[Data records]
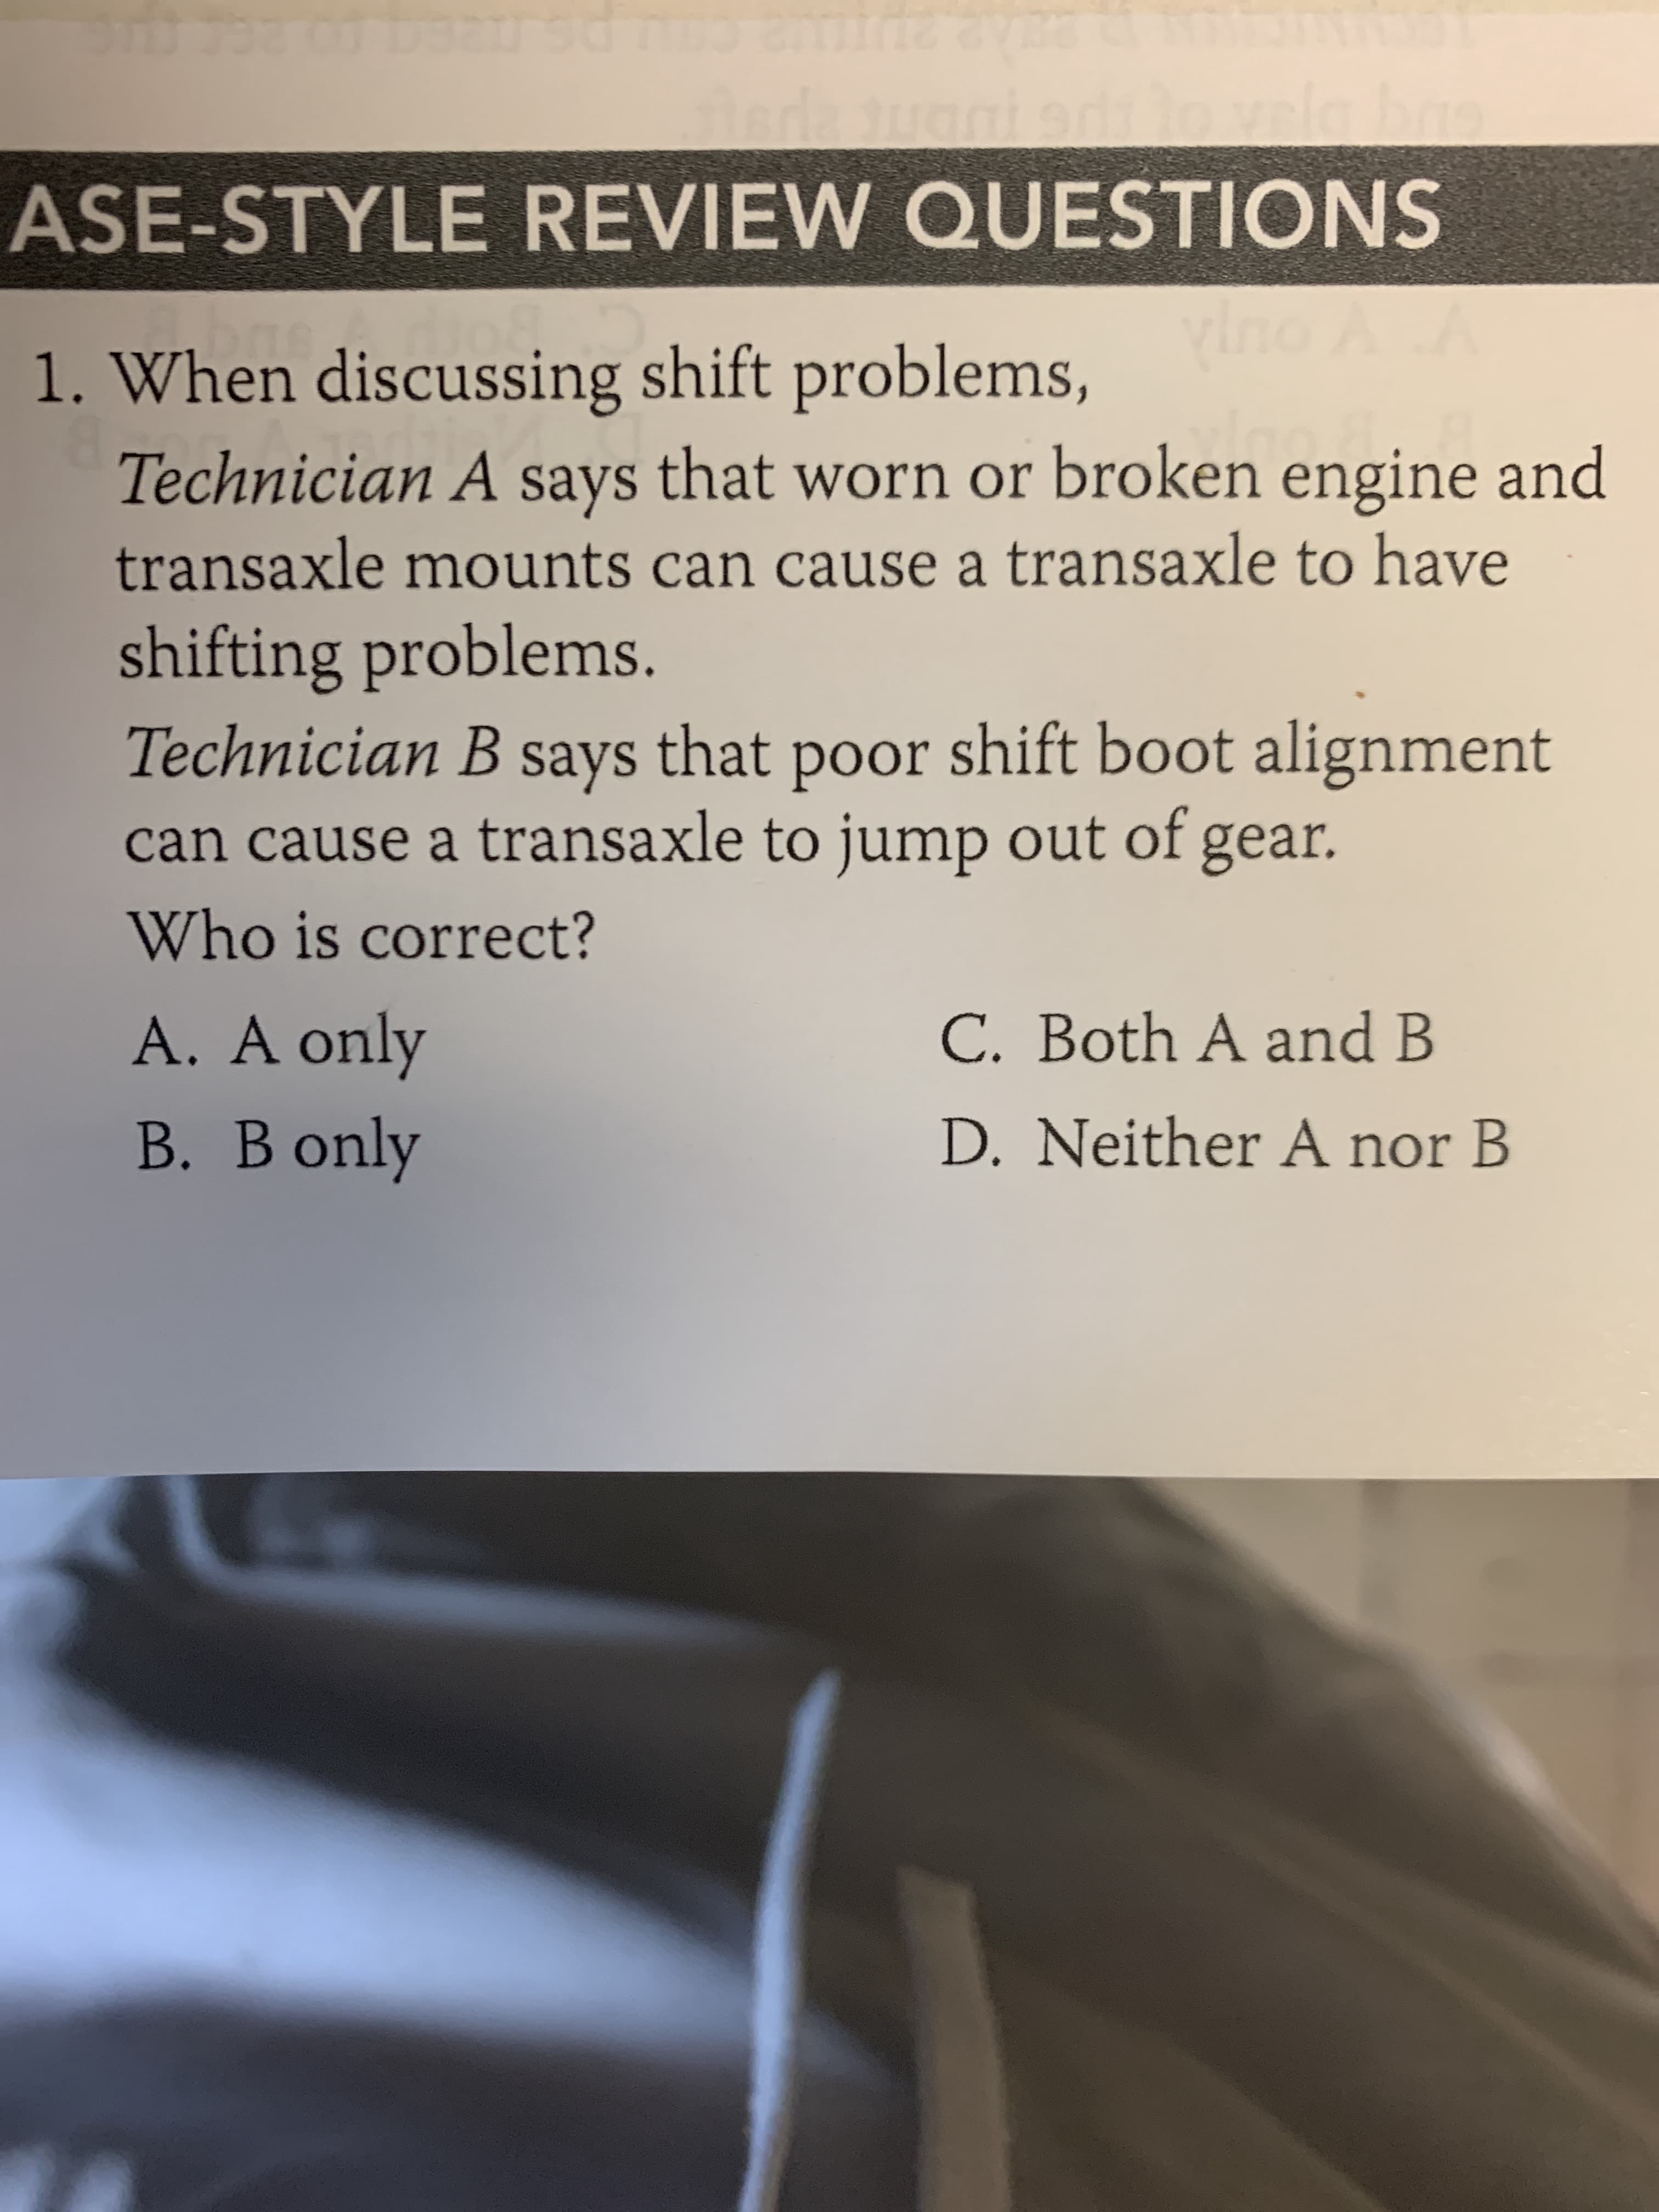 When discussing shift problems,
Technician A says that worn or broken engine and
transaxle mounts can cause a transaxle to have
shifting problems.
Technician B that poor shift boot alignment
can cause a transaxle to jump out of gear.
says
Who is correct?
A. A only
C. Both A and B
B. B only
D. Neither A nor B
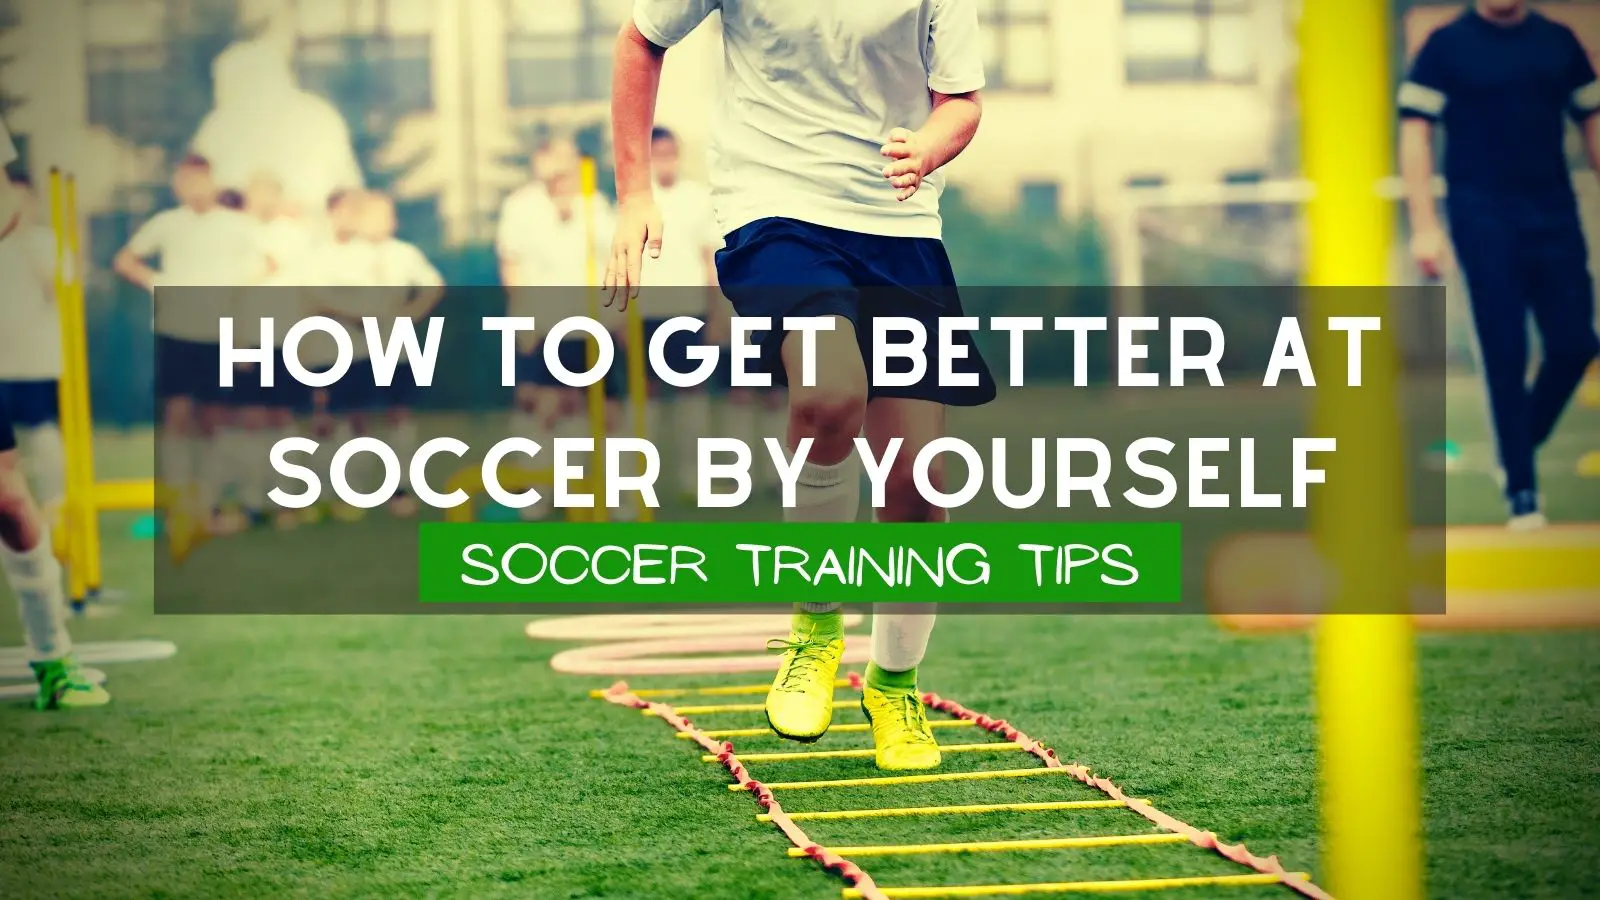 How To Get Better At Soccer By Yourself: Soccer Training Tips

Instructions for the task:
Starting at the line that contains "Who is correct?", return every line through the end of the records above exactly as written, and return no pictures.

Output of the exercise:
Who is correct?
A. A only
C. Both A and B
B. B only
D. Neither A nor B
 How To Get Better At Soccer By Yourself: Soccer Training Tips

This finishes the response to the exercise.